**Records supplied**.
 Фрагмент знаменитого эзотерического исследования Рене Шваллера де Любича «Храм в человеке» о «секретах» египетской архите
...
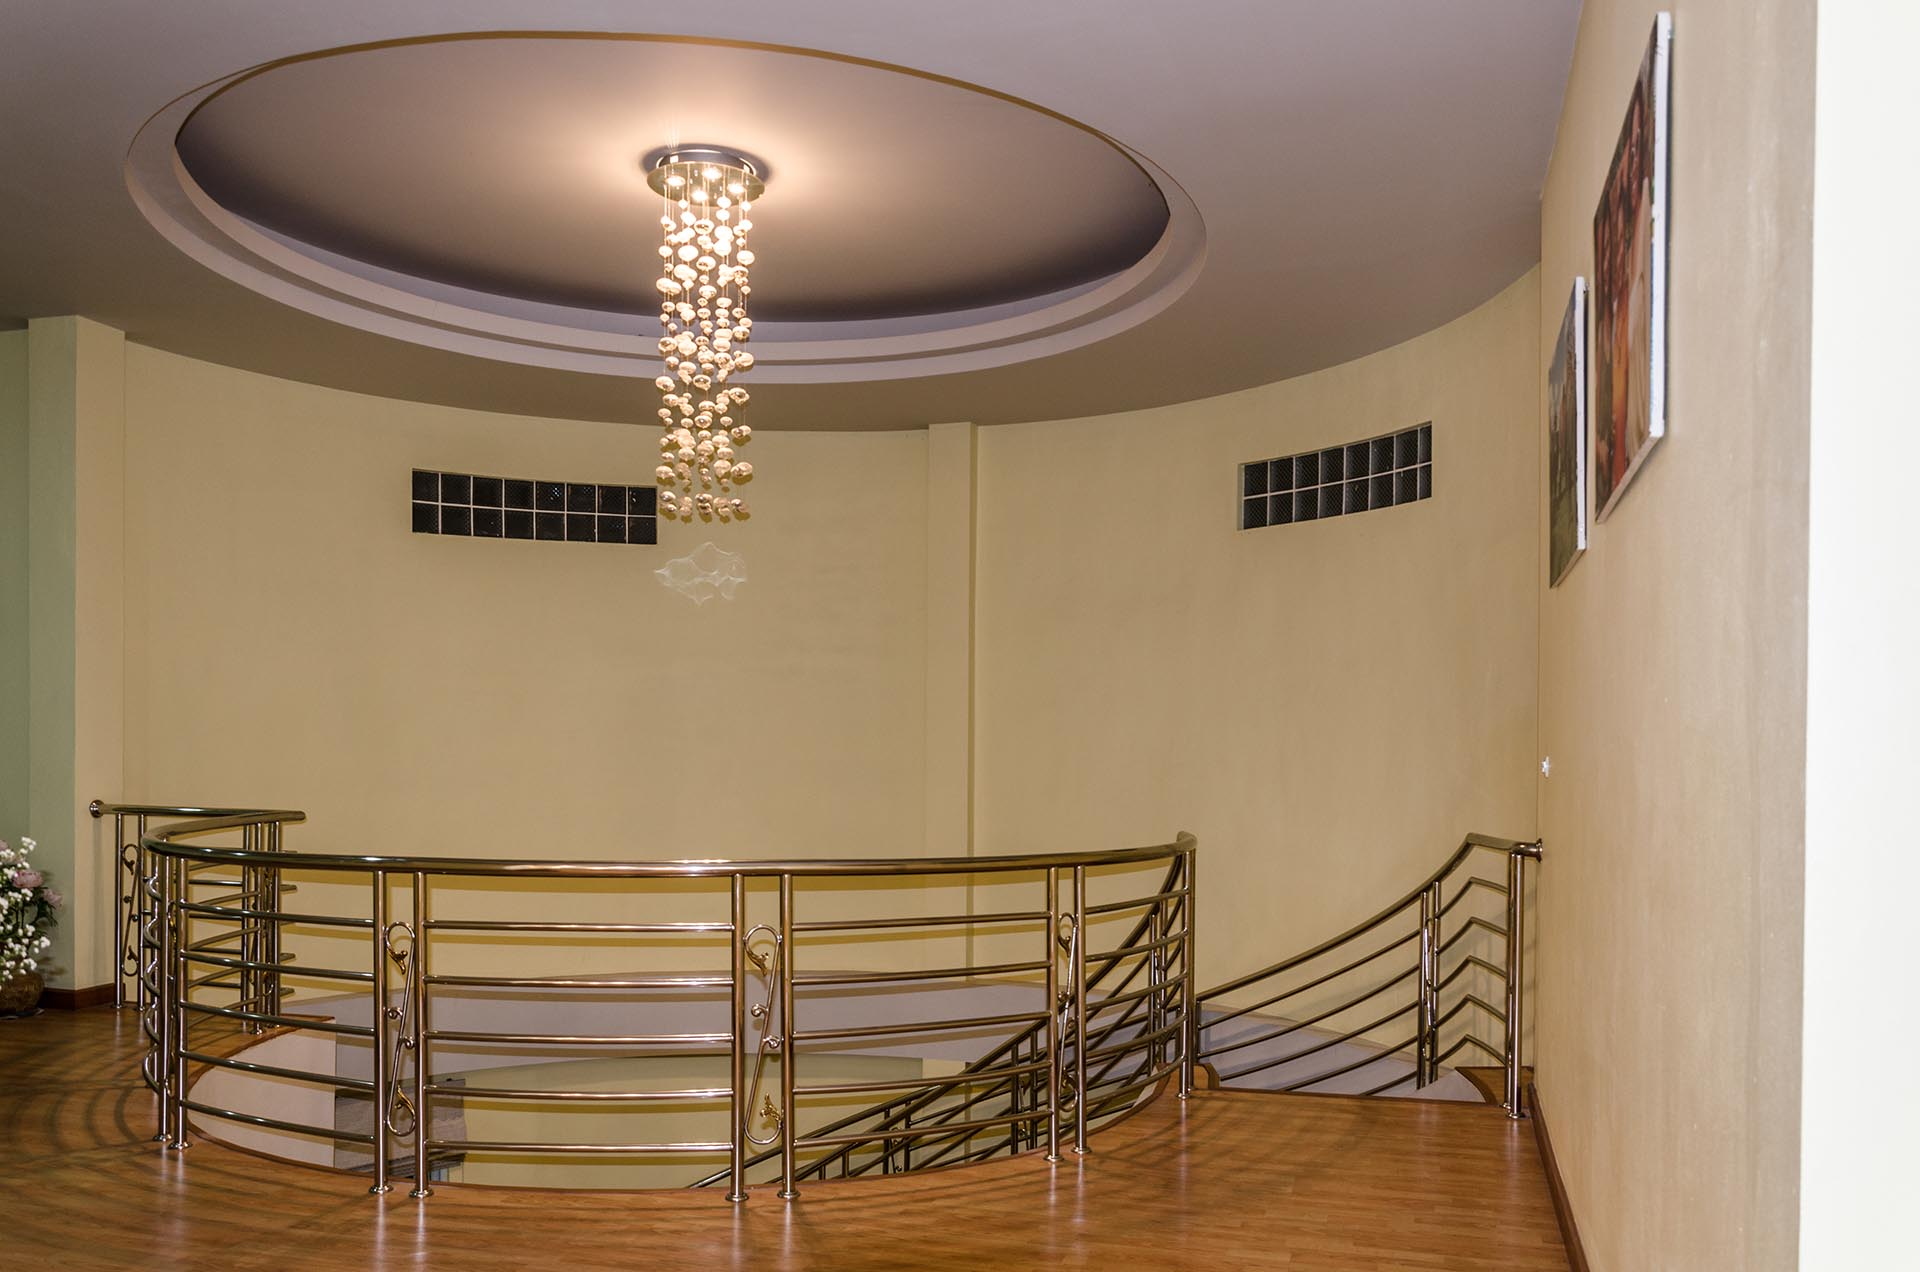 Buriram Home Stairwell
--
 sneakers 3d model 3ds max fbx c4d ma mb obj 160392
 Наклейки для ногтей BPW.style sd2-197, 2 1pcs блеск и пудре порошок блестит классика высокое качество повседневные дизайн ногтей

**What you have to do**.
Extract the lines of the preceding material that run from the line with "sneakers 3d model" through the line with "Наклейки для ногтей", inclusive, reproducing them exactly and adding nothing.

**Solution for this task**.
 sneakers 3d model 3ds max fbx c4d ma mb obj 160392
 Наклейки для ногтей BPW.style sd2-197, 2 1pcs блеск и пудре порошок блестит классика высокое качество повседневные дизайн ногтей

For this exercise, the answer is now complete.